生きているからこそ味わえる世界
死んでしまえば何の意識もなく寝ているような状態。苦もなく楽もない。空腹を感じることもなく誰に会うこともなく、ただ自分という意識があるだけ。まるで、暗い牢獄にひとりいるような状態。寒さも感じなく、自分の身体の感覚もない世界なのかもしれません。
死の世界に3日もいれば、退屈で我慢できなくなるでしょう。こんなに静かで誰もいなく、ただジッとしているだけ。まるで、永遠に続く牢獄のような状態に思えるかもしれません。辛い目にあったことも懐かしく、もう一度あの世界に戻りたいと思うかもしれません。
しかし、生きていれば苦労は多く楽は少なく何で自分だけがこんなに苦労しなければならないのかと嘆くことができます。他人からバカにされ卑下され、なにくそと思って頑張ることもできます。成功してざまあみろと見返すこともできます。

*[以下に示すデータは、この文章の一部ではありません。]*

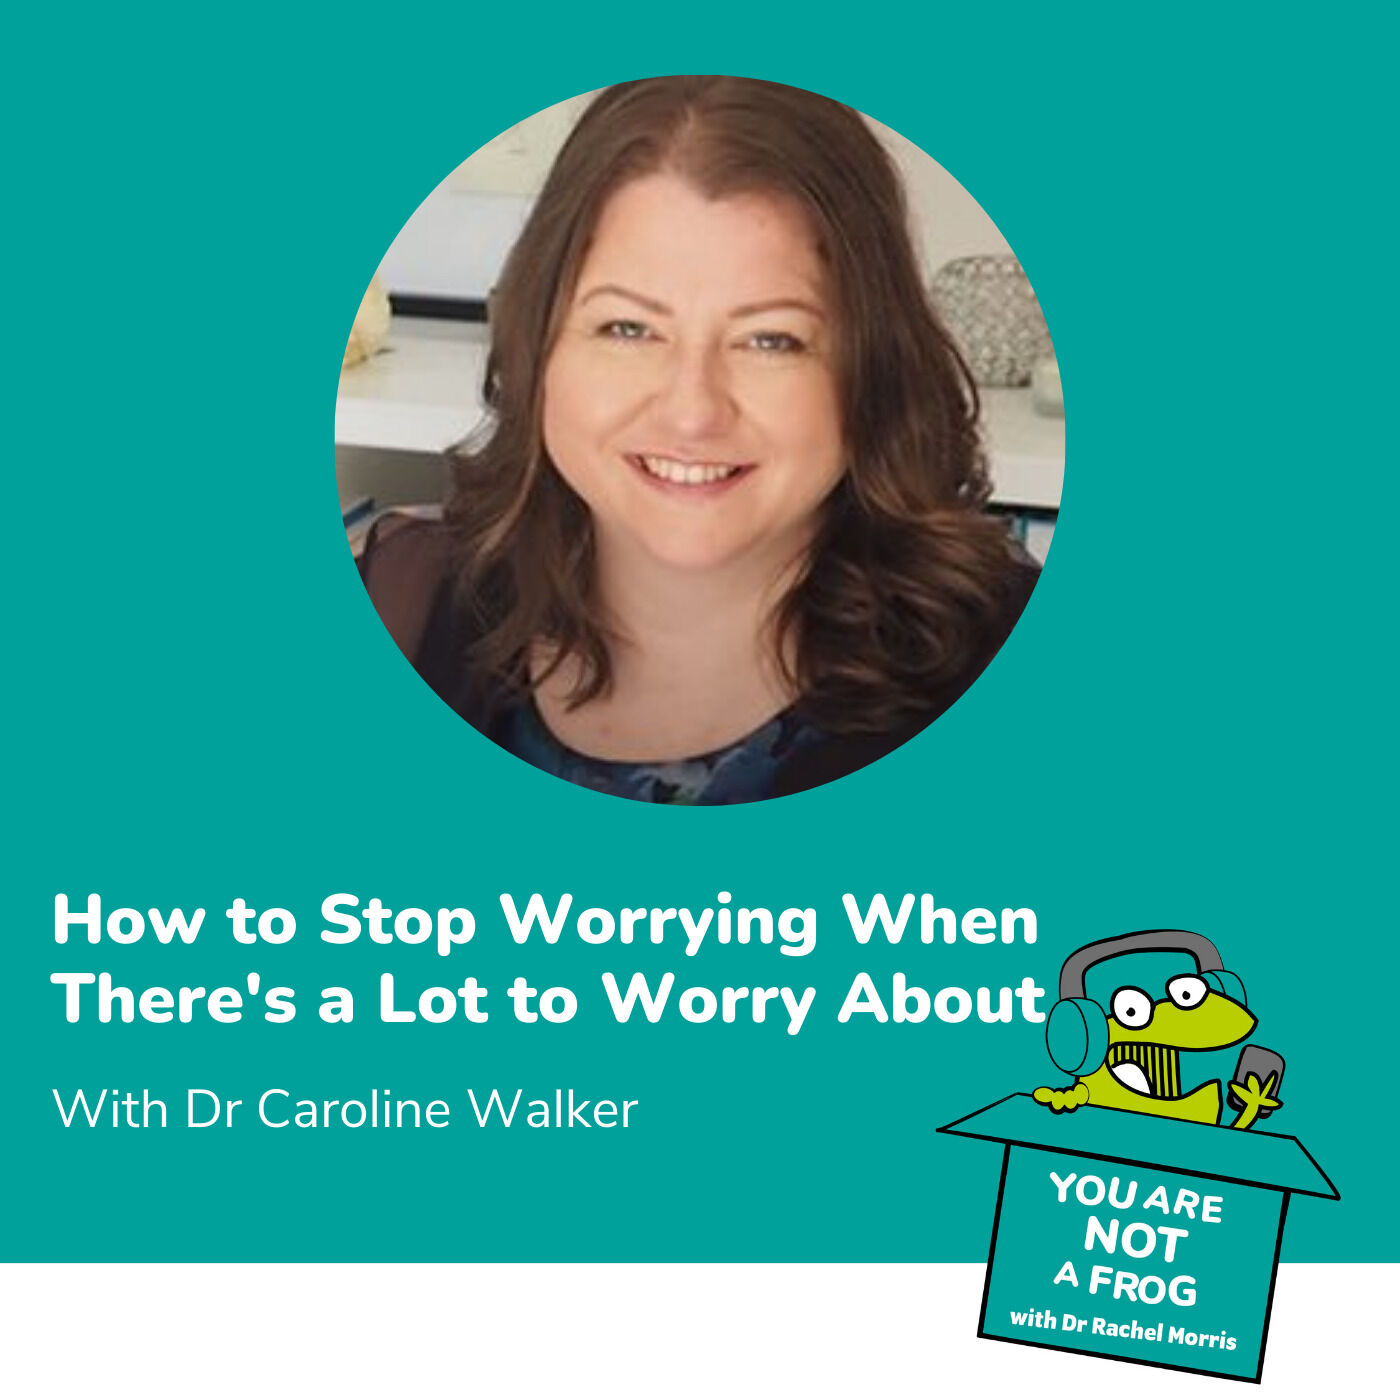 How to Stop Worrying When There’s a Lot to Worry About

生きているからこそ味わえる世界は、良いことばかりではなく苦しみをたっぷり味わえる世界です。それを楽しむことができれば、生きていることが面白くなります。死んでしまえば、そんな経験、どんなに望んでもできるものではないからです。
僕は、そんな苦労ばかりの世界ですが、それでも生きていたいと思う方です。何しろ、いつかは死んでしまうのですから、それまではしっかり生きていることを楽しもうと思います。どんなに辛くても苦しくても、生きているからこそ味わえるのですから。